Werbach, who is managing editor for Esther Dyson's Release 1.0, goes on to artfully describe the structure and dynamics of Internet syndication, without ever mentioning streaming media specifically. But the premise holds true for rich media companies. "Virtually any organization can benefit from syndication, often in several different ways if it's willing to view itself as part of a larger, interconnected world rather than seeking exclusive control at every turn," says Werbach.

In an interview, Werbach expanded on the advantages syndication holds for content creators: "Syndication allows content providers to focus on core competencies, rather than devoting unnecessary resources toward marketing and distribution."


The Content Marketplace

Werbach's allusion to overextending resources raises the question: Could the likes of Pseudo and DEN have survived with a syndication model? "The failures of Pseudo and DEN were mostly related to the companies' focus on the technology, rather than on creating quality content or building an actual audience," says Dan O'Brien, analyst with Forrester Research. "But syndication could have maximized points of distribution for their content, and potentially given their brands more exposure."

Not surprisingly, Kevin Clark, chief executive officer of New York-based ScreamingMedia, agrees. "[DEN and Pseudo's strategy] was all about driving traffic to their sites," he says.
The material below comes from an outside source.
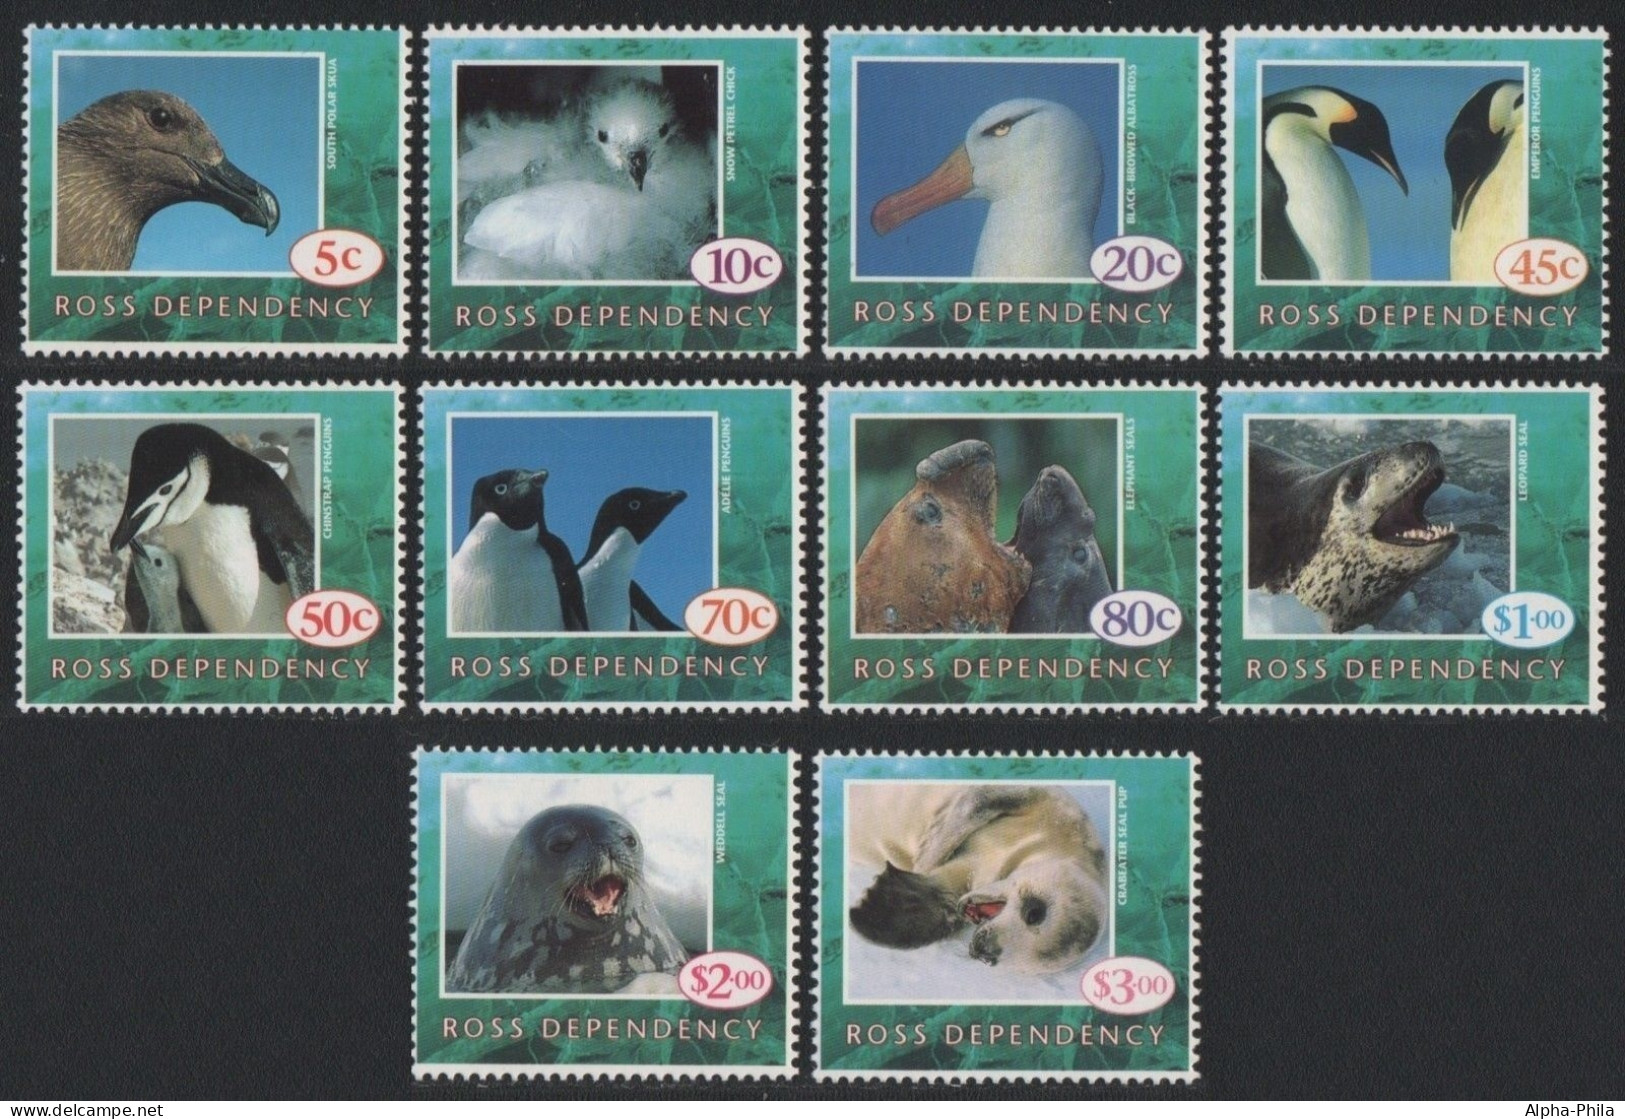 Ross-Gebiet 1994 - Mi-Nr. 21-30 ** - MNH - Vögel, Robben / Birds, Seals - Ongebruikt

Clark, whose company syndicates content from roughly 2,800 sources to more than 1,200 Web sites, is a true believer. "The only way to guarantee millions of eyeballs is to have a syndication strategy," he maintains.

ScreamingMedia, along with competitors iSyndicate, YellowBrix, and NewsEdge, to name a few, are in the business of content aggregation and syndication -- acting as intermediaries between sites that need content and sites that want to sell it. With an ASP model, ScreamingMedia utilizes filter technology to syndicate content to its 1,200 affiliate sites. In addition to a one-time set-up fee of between $3,000 and $40,000, subscribers pay between $500 and $50,000 per month, depending on the number of articles delivered. While rates vary, content providers may receive up to 30% of the revenue generated from the subscribers.

While Clark says, "content is the DNA of the Internet and its number one core capability," he admits that streaming media currently comprises only a "fraction" of the content offered in the ScreamingMedia catalog. Clark predicts streaming video, in particular, is still 12 to 18 months away from being a significant part of the company's offering.

Still, there appears to be sufficient demand from affiliates for streaming media content. The bottleneck, perhaps, is the owners of the content. According to Sean Bell, self-described "Mandarin of Marketing" with Seattle-based Loudeye Technologies, content owners aren't confident in the technology of syndication. "Mainly, content owners want control of their content, to make sure it's not being streamed to sites they'd rather not be associated with," he says.